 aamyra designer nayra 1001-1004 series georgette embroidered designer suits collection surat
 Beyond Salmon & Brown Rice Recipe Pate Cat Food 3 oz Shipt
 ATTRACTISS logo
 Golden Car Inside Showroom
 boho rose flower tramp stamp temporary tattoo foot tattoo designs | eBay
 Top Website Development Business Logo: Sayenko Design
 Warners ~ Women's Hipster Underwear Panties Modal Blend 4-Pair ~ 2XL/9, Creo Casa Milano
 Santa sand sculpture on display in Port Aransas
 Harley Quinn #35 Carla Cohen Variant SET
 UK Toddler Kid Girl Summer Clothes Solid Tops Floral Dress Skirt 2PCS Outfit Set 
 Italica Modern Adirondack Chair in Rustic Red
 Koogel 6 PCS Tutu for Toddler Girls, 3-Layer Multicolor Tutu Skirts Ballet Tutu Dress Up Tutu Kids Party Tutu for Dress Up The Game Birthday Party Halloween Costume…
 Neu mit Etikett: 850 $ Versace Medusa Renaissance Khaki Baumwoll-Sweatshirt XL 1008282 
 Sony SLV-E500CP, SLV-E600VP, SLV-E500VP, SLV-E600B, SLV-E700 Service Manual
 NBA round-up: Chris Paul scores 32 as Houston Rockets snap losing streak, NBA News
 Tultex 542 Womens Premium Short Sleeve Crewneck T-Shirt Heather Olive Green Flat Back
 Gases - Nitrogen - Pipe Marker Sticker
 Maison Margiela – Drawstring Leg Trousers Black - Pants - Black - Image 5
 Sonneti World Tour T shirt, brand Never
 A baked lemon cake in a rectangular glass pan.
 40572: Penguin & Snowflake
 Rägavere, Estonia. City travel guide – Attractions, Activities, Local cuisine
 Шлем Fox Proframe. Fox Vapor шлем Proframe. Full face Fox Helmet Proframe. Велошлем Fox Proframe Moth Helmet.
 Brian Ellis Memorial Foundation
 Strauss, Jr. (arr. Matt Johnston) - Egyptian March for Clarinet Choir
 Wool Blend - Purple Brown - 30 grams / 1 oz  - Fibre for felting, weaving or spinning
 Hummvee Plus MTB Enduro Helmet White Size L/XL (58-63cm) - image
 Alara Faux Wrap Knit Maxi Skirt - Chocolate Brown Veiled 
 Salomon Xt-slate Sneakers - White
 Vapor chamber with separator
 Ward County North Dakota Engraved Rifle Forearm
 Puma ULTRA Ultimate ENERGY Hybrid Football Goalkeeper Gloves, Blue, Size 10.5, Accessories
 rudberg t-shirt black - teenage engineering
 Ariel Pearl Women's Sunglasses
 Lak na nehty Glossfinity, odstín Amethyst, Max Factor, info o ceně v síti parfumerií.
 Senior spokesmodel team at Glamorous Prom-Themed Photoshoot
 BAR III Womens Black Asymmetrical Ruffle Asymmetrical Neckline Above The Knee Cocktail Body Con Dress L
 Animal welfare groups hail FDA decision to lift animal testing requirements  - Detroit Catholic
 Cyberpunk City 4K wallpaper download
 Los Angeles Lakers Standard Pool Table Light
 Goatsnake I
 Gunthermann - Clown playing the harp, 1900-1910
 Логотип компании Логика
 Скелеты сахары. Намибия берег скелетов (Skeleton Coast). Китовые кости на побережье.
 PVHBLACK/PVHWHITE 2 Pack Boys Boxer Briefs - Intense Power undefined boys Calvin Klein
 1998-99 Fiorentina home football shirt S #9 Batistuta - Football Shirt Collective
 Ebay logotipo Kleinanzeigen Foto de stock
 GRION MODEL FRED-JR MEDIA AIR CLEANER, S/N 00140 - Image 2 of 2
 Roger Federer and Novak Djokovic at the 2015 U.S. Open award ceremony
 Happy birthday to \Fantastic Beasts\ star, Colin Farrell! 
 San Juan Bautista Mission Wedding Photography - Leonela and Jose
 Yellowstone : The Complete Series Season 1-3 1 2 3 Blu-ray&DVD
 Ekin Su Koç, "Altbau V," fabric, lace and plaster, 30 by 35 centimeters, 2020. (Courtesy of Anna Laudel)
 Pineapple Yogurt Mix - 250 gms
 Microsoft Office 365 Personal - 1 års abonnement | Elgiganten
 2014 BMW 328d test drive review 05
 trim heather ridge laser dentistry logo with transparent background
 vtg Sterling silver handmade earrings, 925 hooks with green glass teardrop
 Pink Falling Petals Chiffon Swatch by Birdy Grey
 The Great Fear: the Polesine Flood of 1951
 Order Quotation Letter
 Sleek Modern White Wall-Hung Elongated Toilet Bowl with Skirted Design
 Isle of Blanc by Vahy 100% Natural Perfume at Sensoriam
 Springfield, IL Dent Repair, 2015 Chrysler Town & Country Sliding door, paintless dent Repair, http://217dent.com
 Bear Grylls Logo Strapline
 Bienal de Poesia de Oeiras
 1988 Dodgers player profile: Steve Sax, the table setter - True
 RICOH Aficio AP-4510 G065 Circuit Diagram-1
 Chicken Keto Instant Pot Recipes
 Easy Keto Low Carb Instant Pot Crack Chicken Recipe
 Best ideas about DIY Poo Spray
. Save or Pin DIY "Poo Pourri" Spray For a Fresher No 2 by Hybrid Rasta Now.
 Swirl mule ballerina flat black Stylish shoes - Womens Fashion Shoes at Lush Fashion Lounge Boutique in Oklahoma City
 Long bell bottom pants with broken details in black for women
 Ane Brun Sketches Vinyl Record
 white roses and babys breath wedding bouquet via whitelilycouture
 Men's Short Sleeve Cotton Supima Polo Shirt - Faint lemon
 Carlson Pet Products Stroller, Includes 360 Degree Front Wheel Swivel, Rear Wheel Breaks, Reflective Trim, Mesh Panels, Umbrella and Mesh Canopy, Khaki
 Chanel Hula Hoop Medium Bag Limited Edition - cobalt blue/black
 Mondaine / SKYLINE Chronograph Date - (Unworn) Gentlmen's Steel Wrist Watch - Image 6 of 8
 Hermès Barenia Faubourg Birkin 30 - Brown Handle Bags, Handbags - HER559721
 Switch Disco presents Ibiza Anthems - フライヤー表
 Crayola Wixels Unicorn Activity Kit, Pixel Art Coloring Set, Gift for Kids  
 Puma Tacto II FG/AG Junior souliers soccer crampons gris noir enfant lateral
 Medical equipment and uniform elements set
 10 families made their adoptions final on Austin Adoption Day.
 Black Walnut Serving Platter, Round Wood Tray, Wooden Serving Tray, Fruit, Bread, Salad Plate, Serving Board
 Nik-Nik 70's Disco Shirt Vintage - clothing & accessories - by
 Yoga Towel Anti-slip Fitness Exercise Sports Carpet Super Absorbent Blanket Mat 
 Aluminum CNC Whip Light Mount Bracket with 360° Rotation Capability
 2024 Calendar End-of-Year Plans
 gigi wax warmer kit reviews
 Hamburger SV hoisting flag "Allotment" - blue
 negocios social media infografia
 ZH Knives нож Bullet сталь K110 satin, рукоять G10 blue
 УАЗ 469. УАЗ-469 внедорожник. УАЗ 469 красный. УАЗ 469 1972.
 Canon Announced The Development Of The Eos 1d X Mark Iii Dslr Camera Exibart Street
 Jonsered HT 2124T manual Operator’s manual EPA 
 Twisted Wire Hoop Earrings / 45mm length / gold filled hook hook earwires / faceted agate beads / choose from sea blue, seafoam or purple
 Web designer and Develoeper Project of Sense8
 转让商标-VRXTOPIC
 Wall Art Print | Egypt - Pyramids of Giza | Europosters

○ ○ ○ ○

--- About this task ---
From the listing above, copy every line that includes the word "Spray".

--- Response area ---
 Best ideas about DIY Poo Spray
. Save or Pin DIY "Poo Pourri" Spray For a Fresher No 2 by Hybrid Rasta Now.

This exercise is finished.